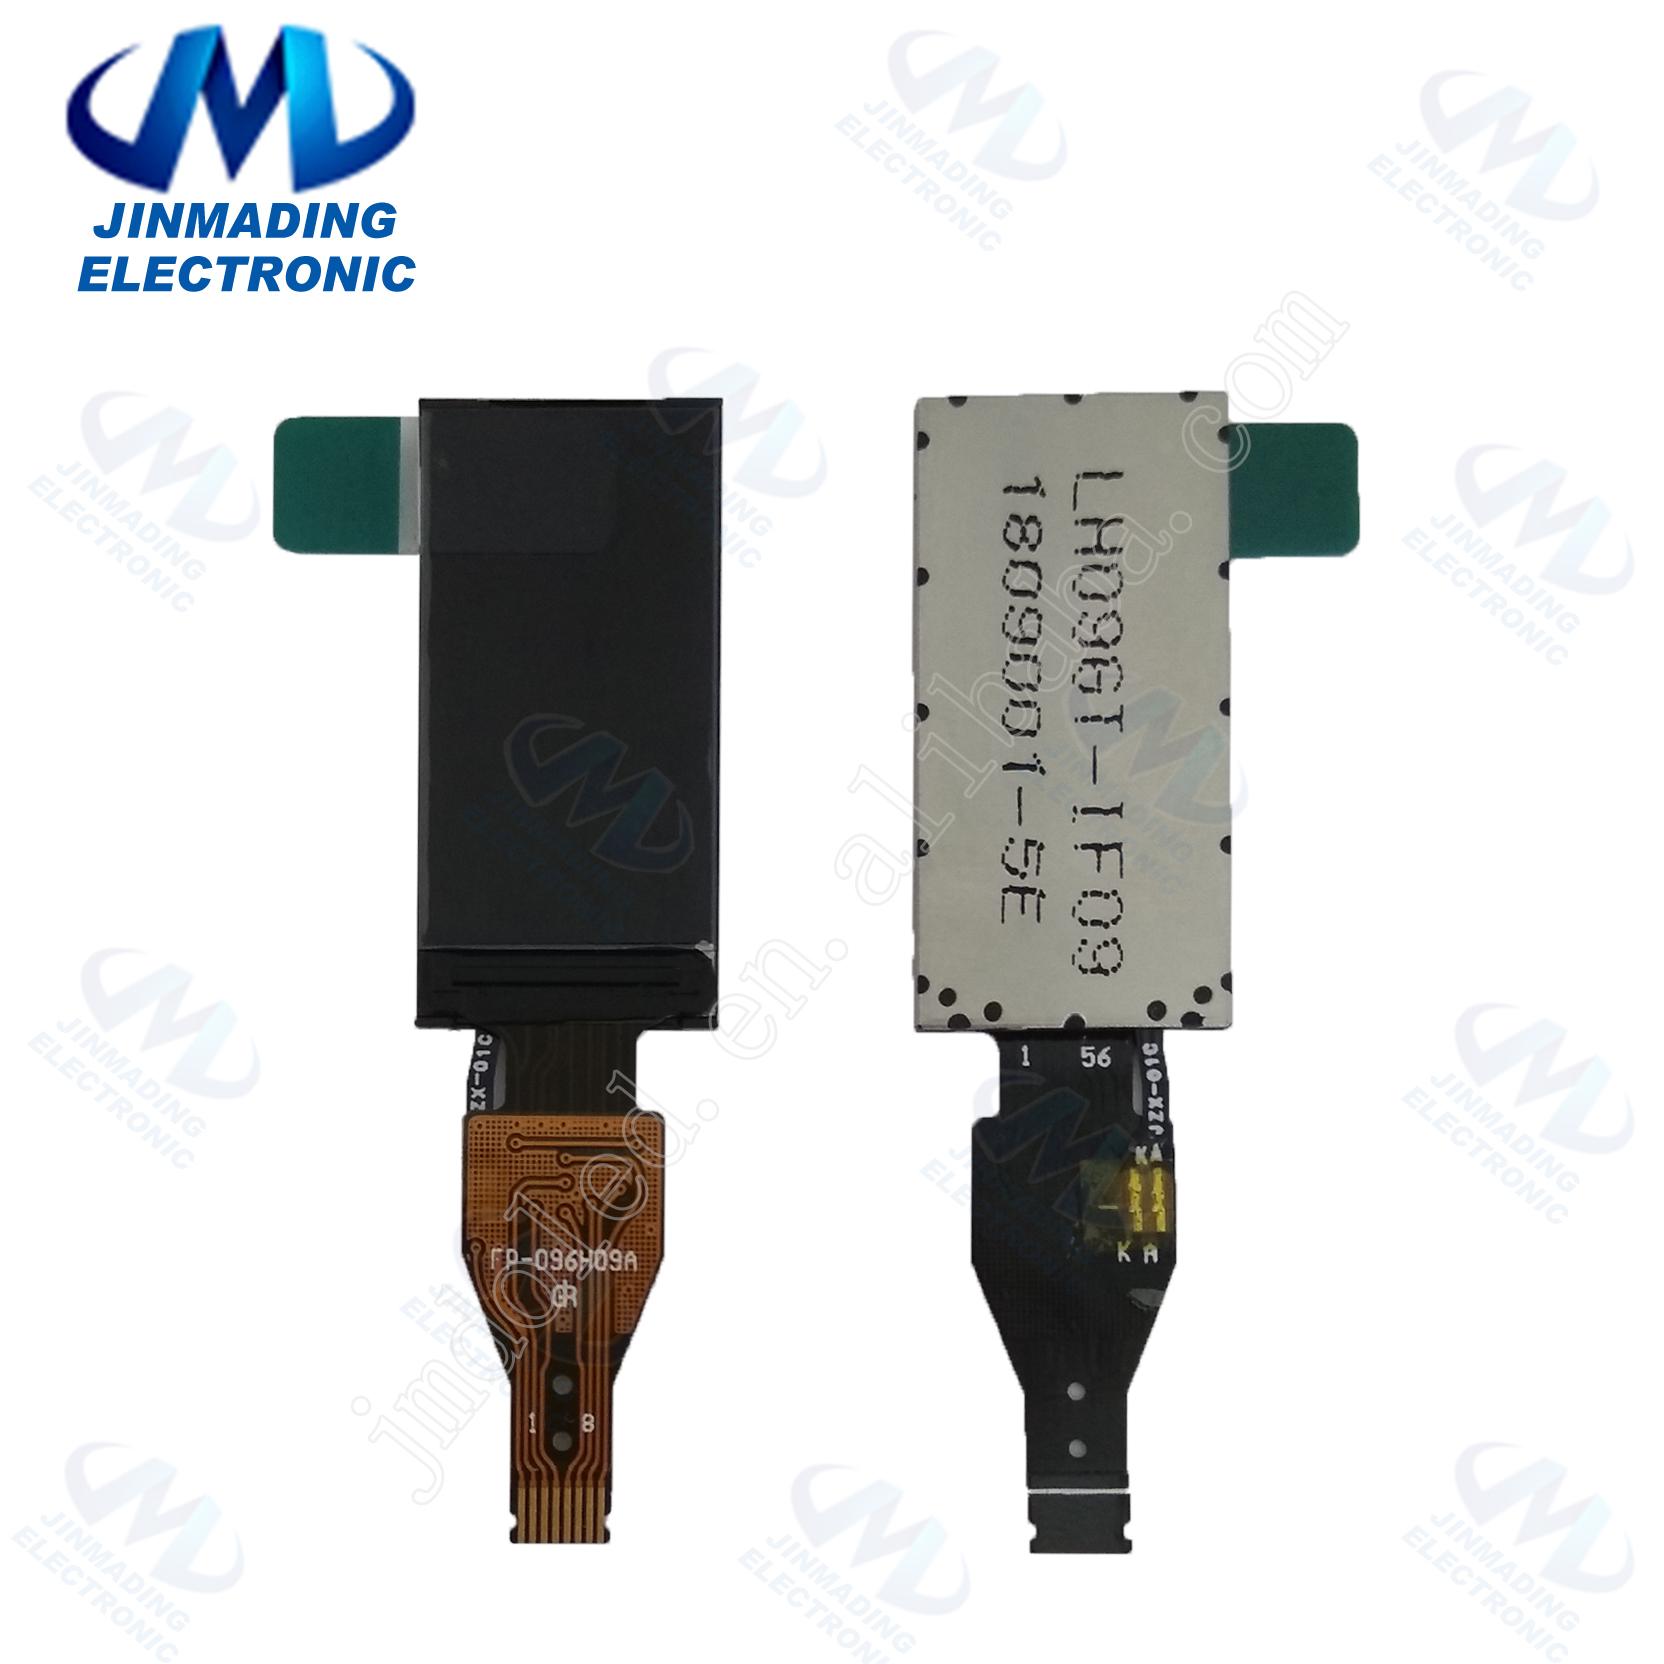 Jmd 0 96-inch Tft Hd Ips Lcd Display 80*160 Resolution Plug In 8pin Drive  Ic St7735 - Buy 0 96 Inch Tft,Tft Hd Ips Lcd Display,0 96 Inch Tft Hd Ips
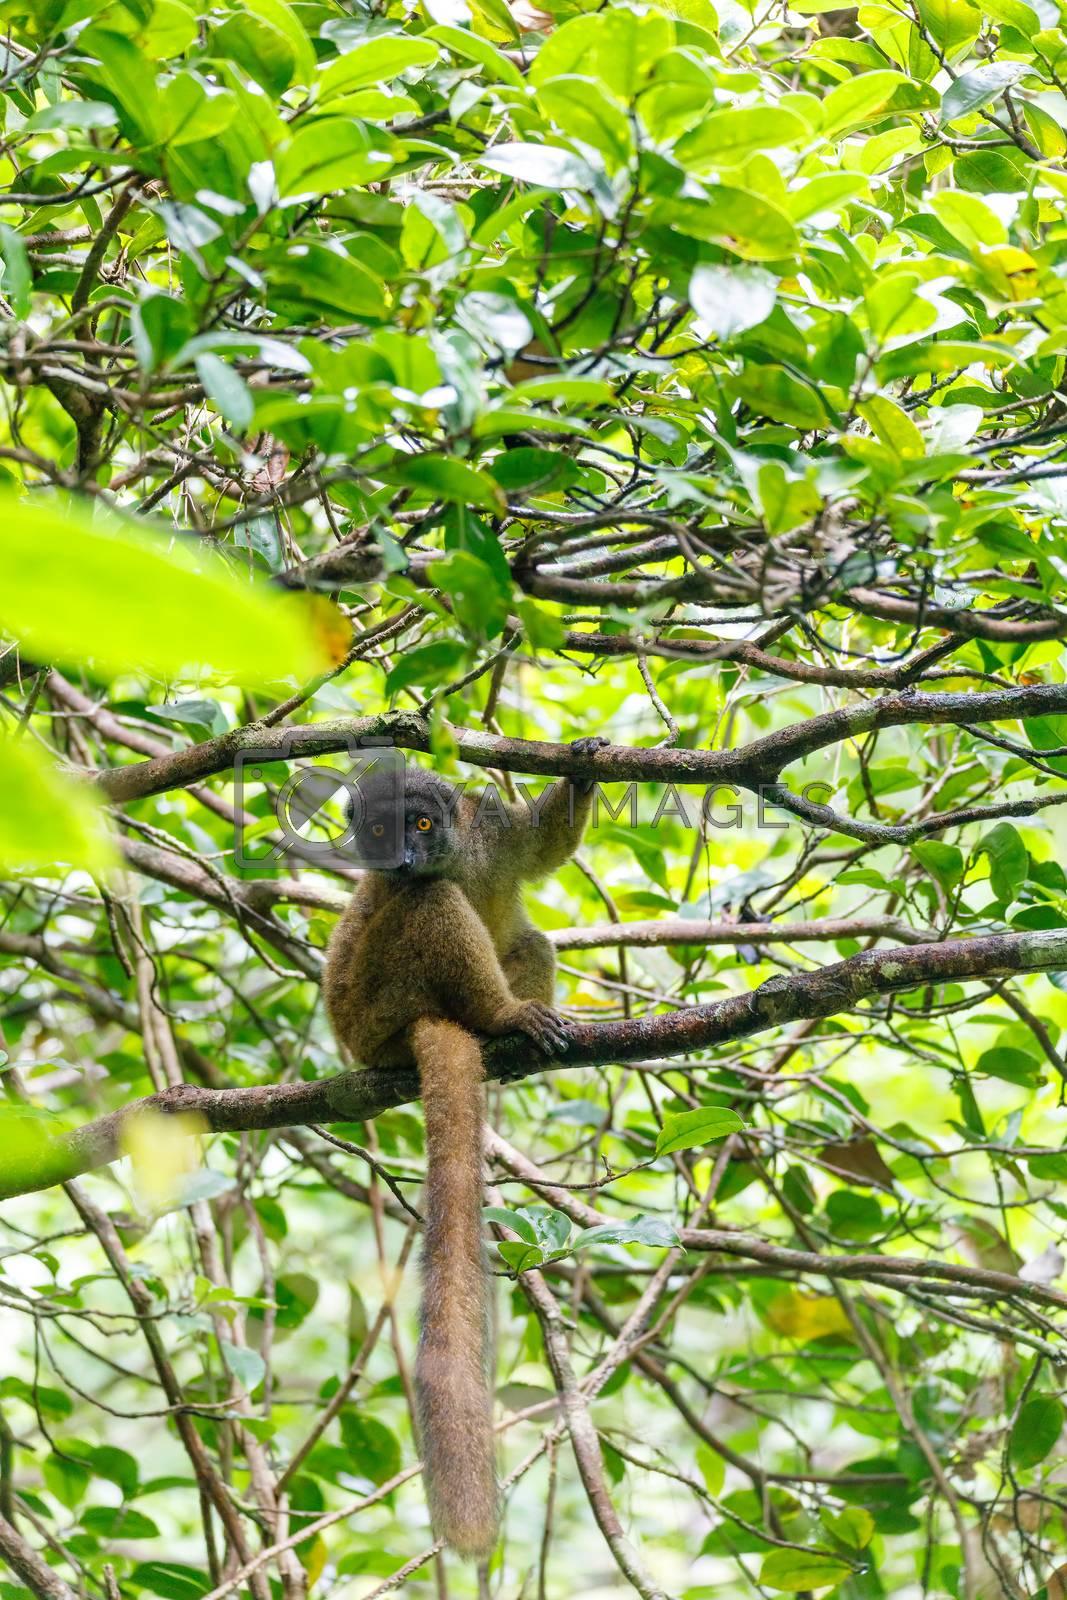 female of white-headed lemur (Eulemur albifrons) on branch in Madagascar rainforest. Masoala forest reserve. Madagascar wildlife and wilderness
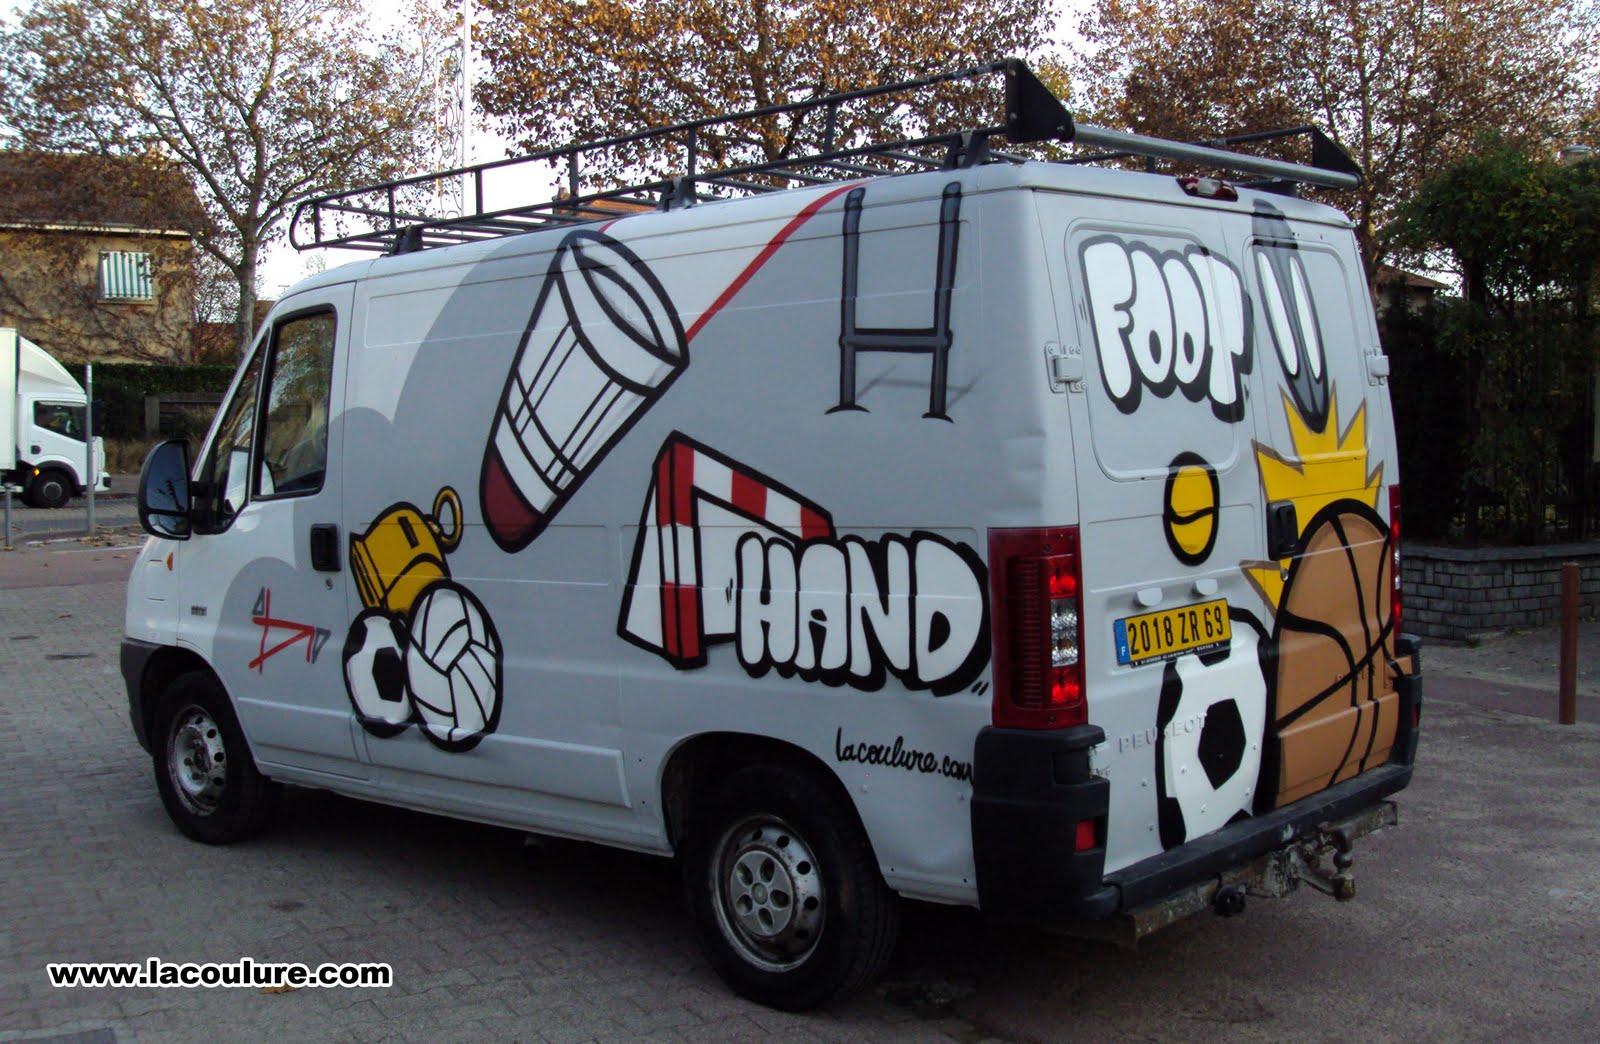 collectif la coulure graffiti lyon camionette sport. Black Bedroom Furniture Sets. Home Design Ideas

——

INSTRUCTIONS FOR THE TASK:
The required output is each line above restated verbatim, with all images omitted.

EXERCISE RESPONSE:
 Jmd 0 96-inch Tft Hd Ips Lcd Display 80*160 Resolution Plug In 8pin Drive  Ic St7735 - Buy 0 96 Inch Tft,Tft Hd Ips Lcd Display,0 96 Inch Tft Hd Ips
 female of white-headed lemur (Eulemur albifrons) on branch in Madagascar rainforest. Masoala forest reserve. Madagascar wildlife and wilderness
 collectif la coulure graffiti lyon camionette sport. Black Bedroom Furniture Sets. Home Design Ideas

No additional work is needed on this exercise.